La dirección IP asignada al controlador de dominio es 10.42.85.10. La información se obtuvo del hive SYSTEM ubicado en Partition2[11168MB]/root/Windows/system32/Config y se analizó con la herramienta Fred.
4.- ¿Cuál era la zona horaria del servidor?
La zona horaria del servidor es UTC-6. Aquí se necesita hacer un poco de análisis. Lo primero que hice fue exportar el hive SYSTEM ubicado 20200918_0347_CDrive.E01/root/Windows/System32/config, luego lo analicé con la herramienta Fred.
Pero si analizamos los registros Microsoft-Windows-RemoteDesktopServices-RdpCoreTS%4Operational.evtx y los logs del archivo case001.pcap
 |
| case001.pcap |
 |
| Microsoft-Windows-RemoteDesktopServices-RdpCoreTS%4Operational.evtx |
Si analizamos las fechas de ambos registros hay una diferencia de 1 hora entre los registros de eventos y la captura de red. Por lo tanto, si el servidor tiene configurado UTC-7 y restamos la hora la zona horaria real del servidor es UTC-6.
5.- ¿Cuál fue el vector de entrada inicial (cómo entraron)? Proporcione el nombre del protocolo.
El nombre del protocolo que se utilizó como vector de entrada fue el protocolo RDP. La información se obtuvo con la herramienta BrinSecurity.
Como se observa en la imagen fueron detectados varios tipos de actividad maliciosa. Primero el atacante realizó un escaneado de red con la herramienta Nmap al protocolo RDP.
Luego se observa que se descargó un archivo PE exe.
6.- ¿Cuál fue el proceso malicioso utilizado por el malware? (una palabra)
El proceso malicioso utilizado por el malware es coreupdater. La información se obtuvo con la herramienta Volatility3.
El proceso al cual migró el malware después del compromiso inicial fue spoolsv. La información se obtuvo con la herramienta Voltility3. Primero ejecute el pluging Malfind.
Luego ejecuté el siguiente comando de volatility3 windows.malfind.Malfind --dump, con este comando se realiza un volcado de todos los procesos encontrados por el pluing Malfind.
Por último, escaneo los archivos volcados anteriormente con el antivirus clamav.
Como se muestra en la imagen clamav encontró malware en el proceso con PID 3724, este PID pertenece al proceso spoolsv.exe.
8.- Identifique la dirección IP que entregó la carga útil.
La dirección IP que entregó la carga útil es 194.61.24.102. La información se obtuvo con la herramienta BrimSecurity.

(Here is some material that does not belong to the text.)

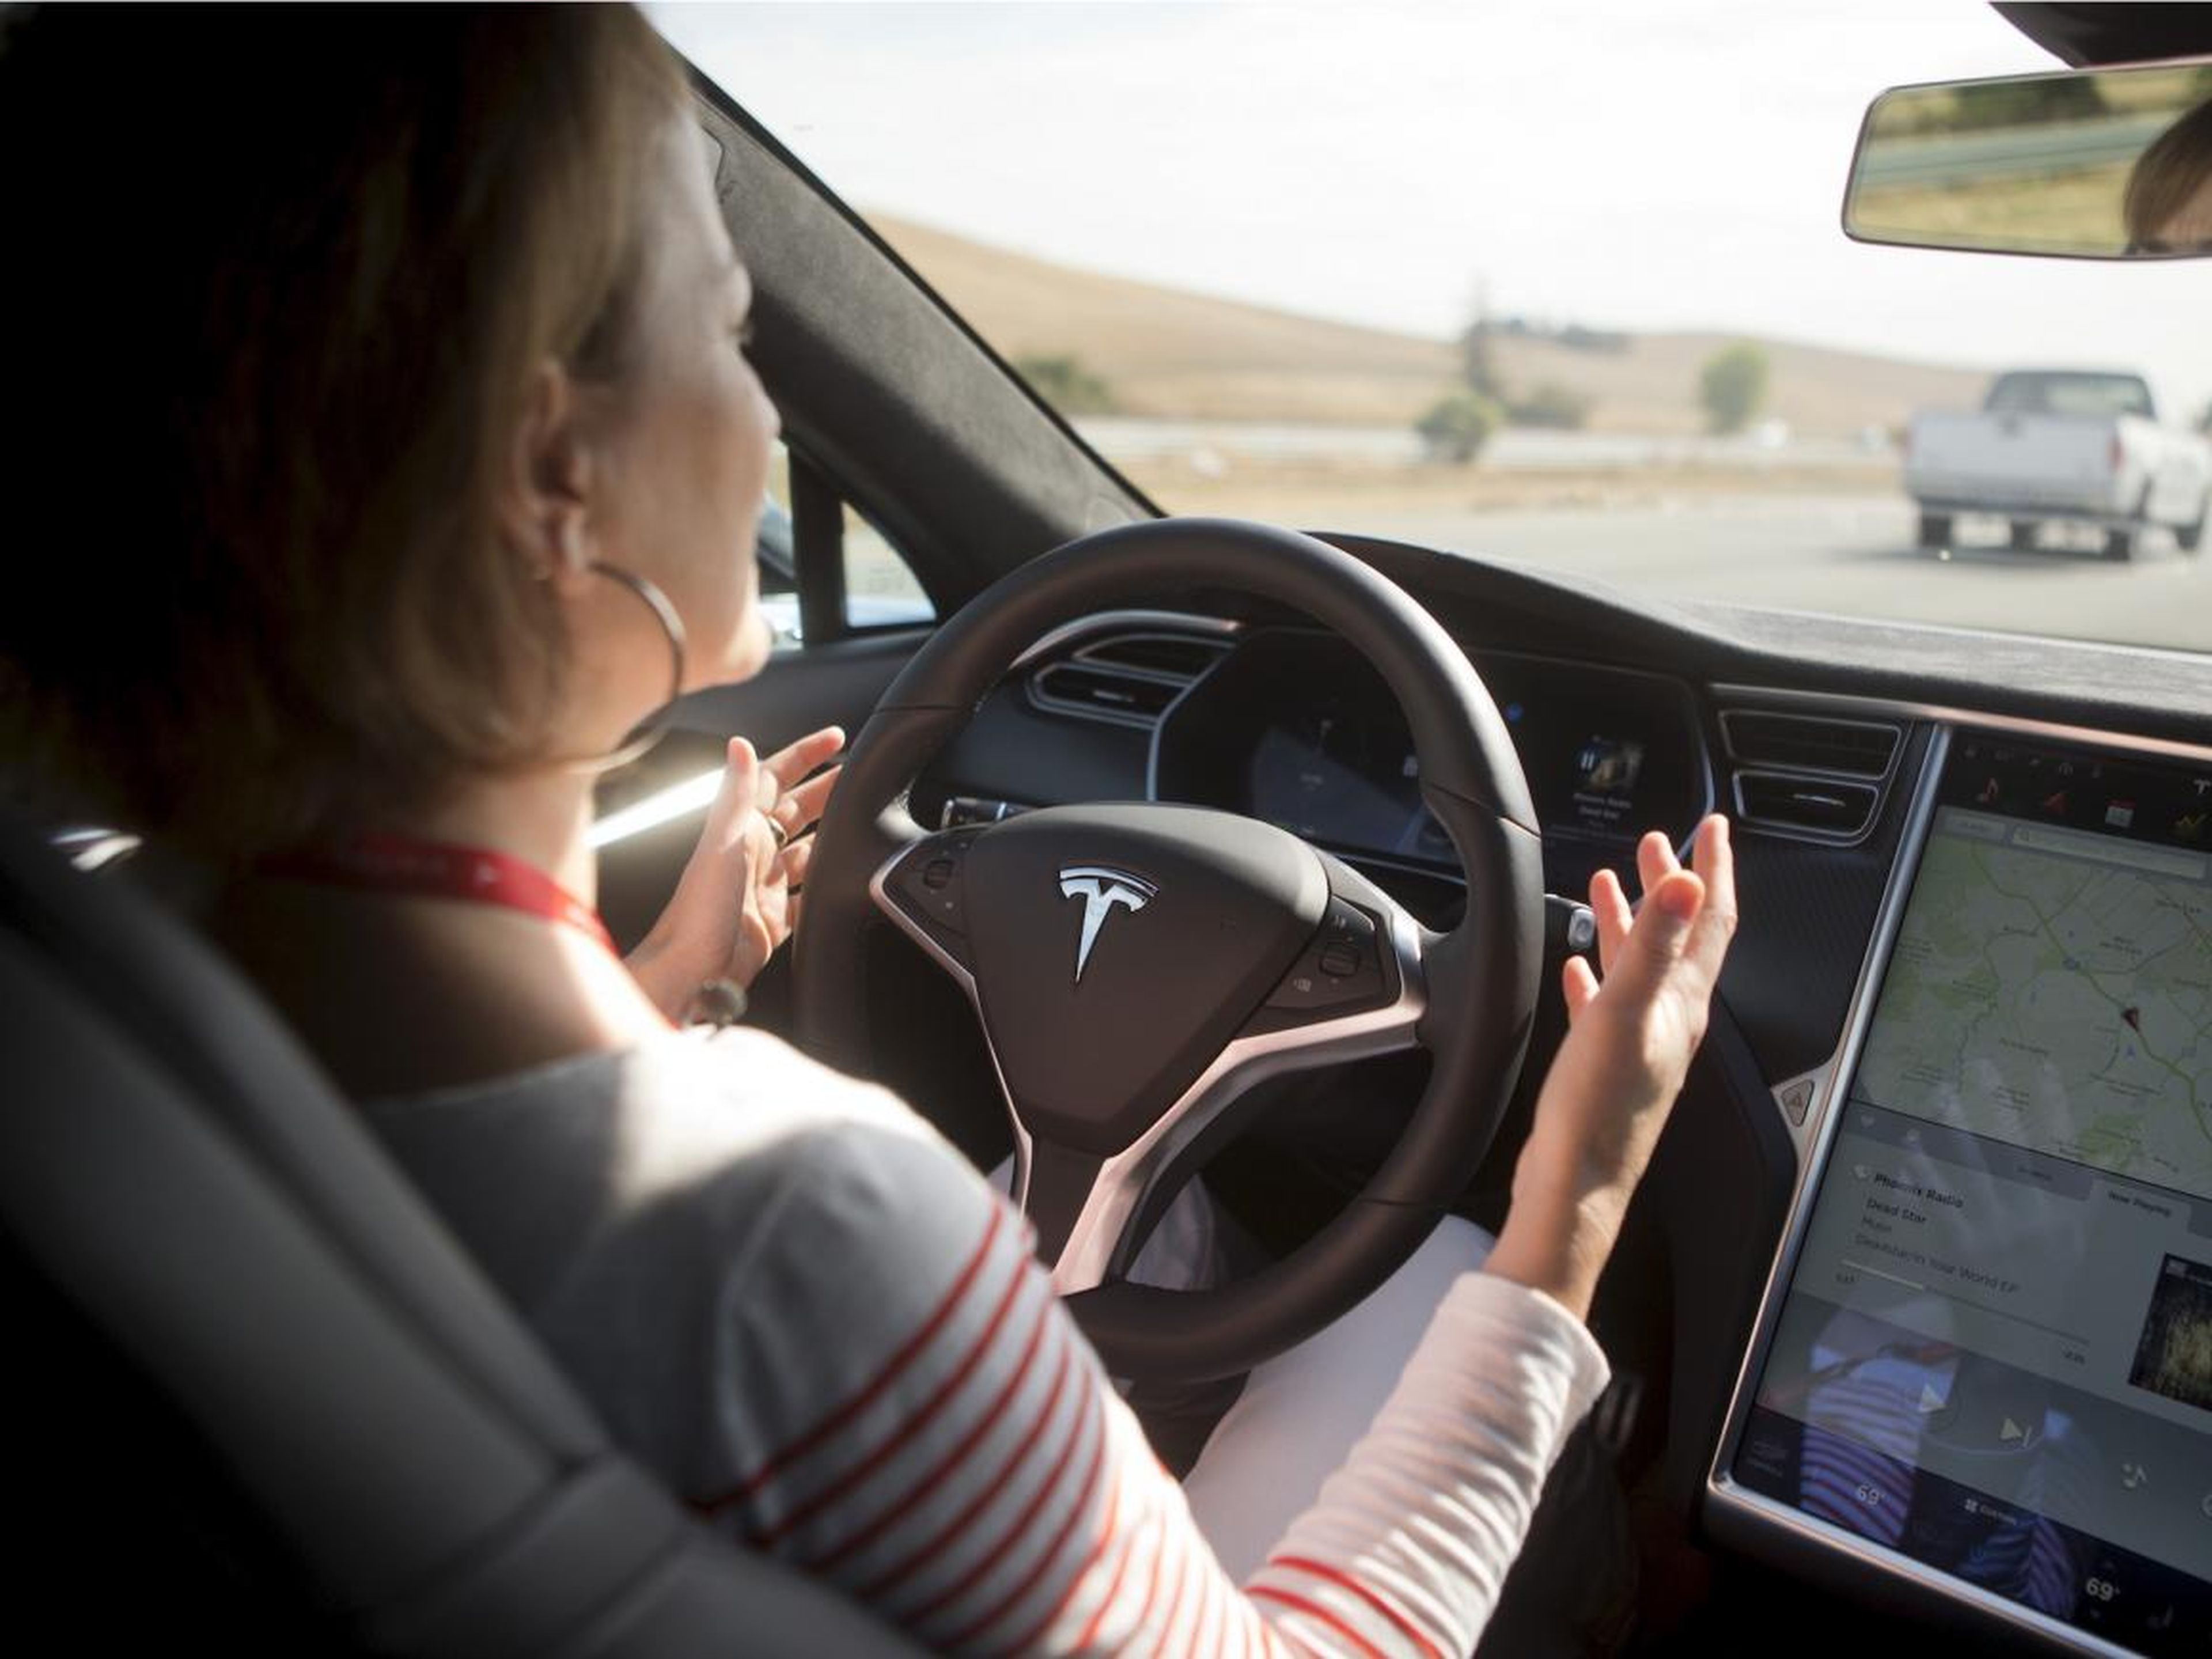 Semi-autonomous driving systems rely on unrealistic expectations about human behavior, according to Duke professor Mary Cummings.

La dirección IP que llamaba el malware es 203.78.103.109. La información se obtuvo de la herramienta Hybrid-Analysis.
10.- ¿Dónde residía el malware en el disco?
El malware está ubicado en el directorio C:\Windows\System32\coreupdater.exe. La información se obtuvo con la herramienta FTK Imager y la Herramienta MFTECmd.
Primero exporte el Archivo $MFT con la herramienta FTK Imager, luego con la herramienta NFTECmd leí el archivo $MFT y lo convertí en formato CSV.
La herramienta de ataque es Metasploit. La información se obtuvo con la herramienta VirusTotal.
12.- Una de las IP maliciosas implicadas tiene su sede en Tailandia. ¿Cuál era la IP?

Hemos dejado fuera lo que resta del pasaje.